Everyone registered to vote in Minnesota, all holders of a Minnesota driver’s license and all holders of a Minnesota state ID card are included in the jury source list.

Jurors self-identify their race and ethnicity on the juror questionnaire, sent to all summoned jurors. In the 2018-2019 period, 1.6% of pool jurors did not provide their race or ethnicity and are not included in these results. Thirteen percent of juries have at least one juror who did not provide their race or ethnicity; those juries are not included in the state’s results. Trial juries on civil and criminal cases are included in the statistics; each jury typically has either six or 12 sworn jurors.

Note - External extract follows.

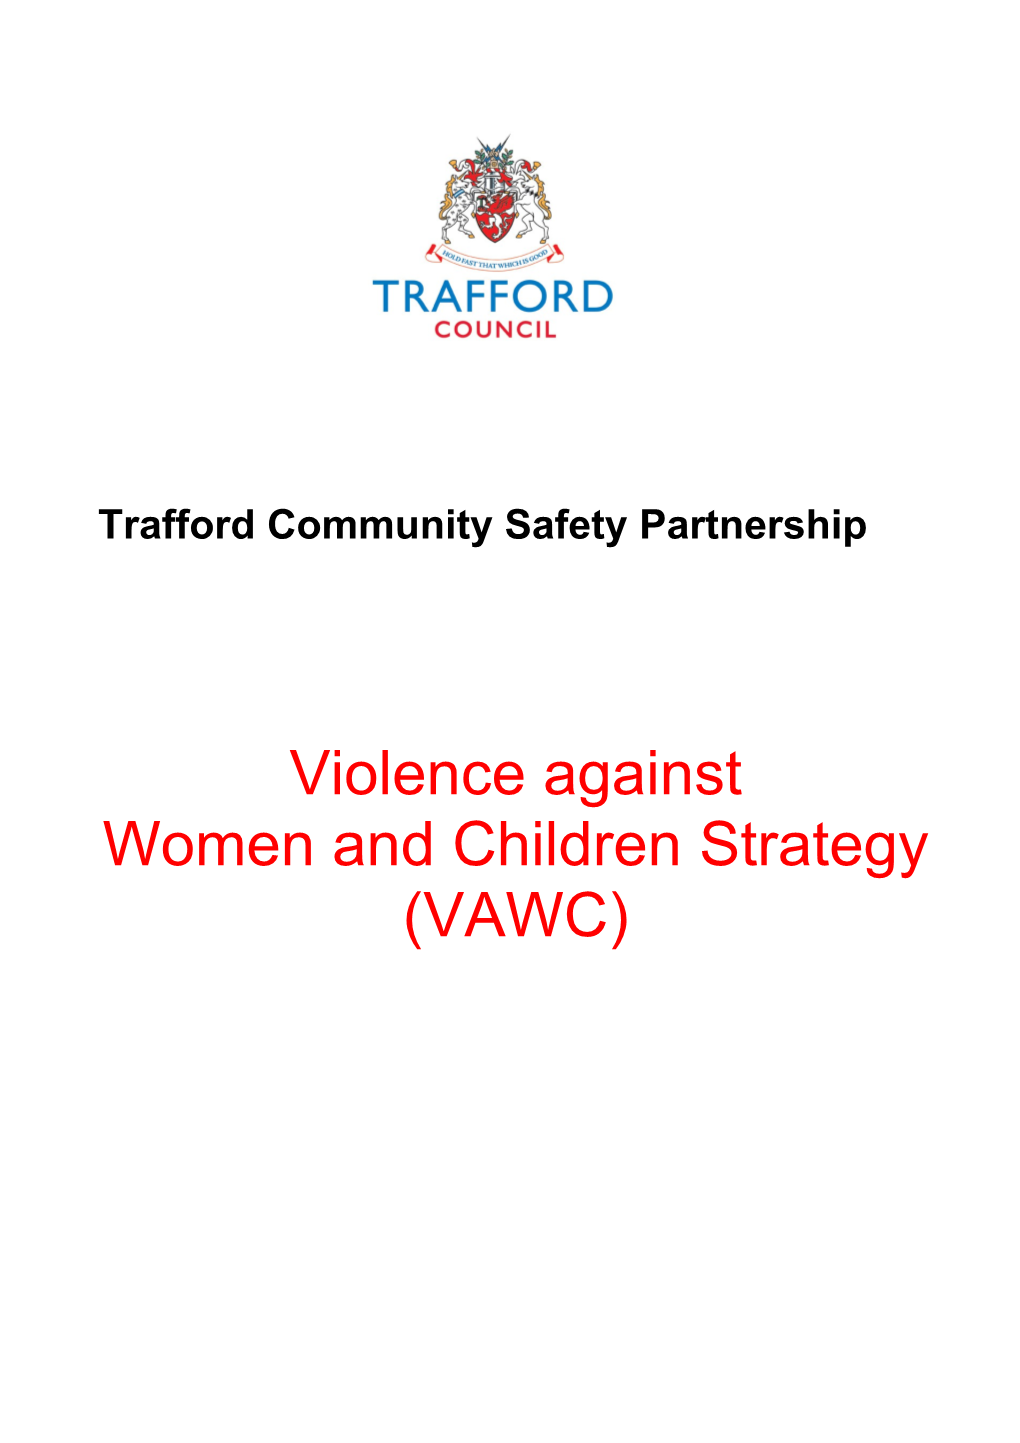 Definition of Violence Against Women and Girls (VAWG)

While the jury selection process itself appears race neutral, racial disparities in the jury box remain.

There’s no disputing that Southeast Minnesota is overwhelmingly white.

According to 2018 Census Bureau estimates, Steele County is 89.7% white – but 95.2% of the seated jurors in 2018-19 were white.

Hispanics represent 5.9% of the population in Steele County yet accounted for only 2.4% of seated jurors.

The county has a Black/African American population of 2.4%, with just 0.4% representation in the jury box.

It’s unclear when Bueltel’s changes will be implemented.